The big issue to me with gun rights is the 2nd Amendment seems very clear to me.

“ A well regulated Militia, being necessary to the security of a free State, the right of the people to keep and bear Arms, shall not be infringed.”

The words seem very clear to me “shall not be infringed”. This isn’t Roe where you’re finding some abortion right in a right to privacy. And the right to privacy isn’t even explicit in the constitution.

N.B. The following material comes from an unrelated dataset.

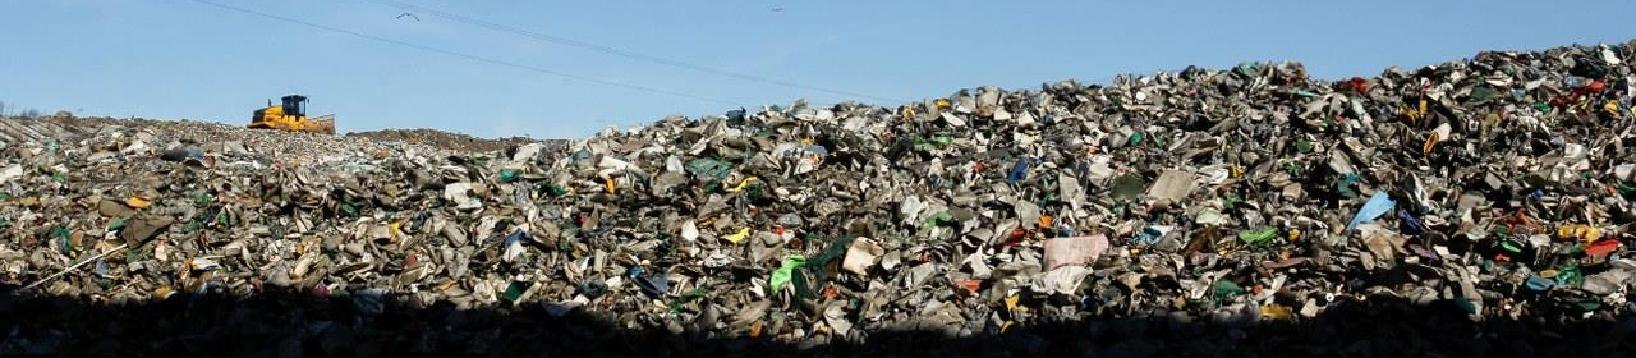 banner-waste

If you do not only textual meaning but look at context at the time then it seems clear to me it’s not just personal weapons, but the right to have the arms to challenge Washington DC and fight the US military. If the Koch brothers wanted nukes I think the Constitution is very clear that they are allowed to have nuclear weapons. But context of the time the writers were a bunch of rebels who became patriots when they won. That would seem to strongly imply that the rebels would support full arsenal of weapons to fight their own government.

This is just another sign to me that the SC is just a Senate. Koch Bros (or Soros or other rich guy) wanting Nukes would be obviously unpopular. And we on nukes we would be able to pass a Constitutional Amendment. And we should. It would be interesting if we could get an amendment passed banning tanks etc.

Now to actual throw a little heat. I’ve considered just accepting the SC is a Senate and adopting a common good philosophy for law. Nobody enforces the text of the constitution and I think this would largely eliminate most issues with guns:

  1. Blacks can not own guns. Straight to jail if you have one. The 54% of murders coming from this group would seem to indicate this is good. I can probably drop their murder rate by 75% with this. We can do DNA testing here with like <20% African DNA as a cutoff. Might give them a carve-out for true hunting rifles. I feel fine saying that as a community they’ve proven guns are very bad for them.

  2. Under 25 can not own guns. This takes away most of the school shootings. Rittenhouse seems like he can properly own a gun but whatever blanket age works better. Most mass shootings would be eliminated except the very rare case where someone super competent does it like the Vegas shooting.

  3. Koch types can’t own nukes. I would likely also ban tanks and real military hardware. This kills the 98% of the ability of citizens to preserve a free state thru insurrection, but feels practical.

  4. Everyone else gets to own for the most part whatever they want. Some severe criminal penalties for not properly storing your guns if your kid goes off and shoots up a school.

You would be left with a bunch of suicides by mostly 60 year old white men, but that doesn’t have huge externalities.

Some kind of mental health rule would be a nice to have, but I’ve got no idea how to implement it that would be abused. Age/race restrictions are easy to enforce. Complexity allows the beauracracy to play games.

I think from a common good philosophy my rules would eliminate 80% of Americas gun problems while maintaining a general right for the public to own guns.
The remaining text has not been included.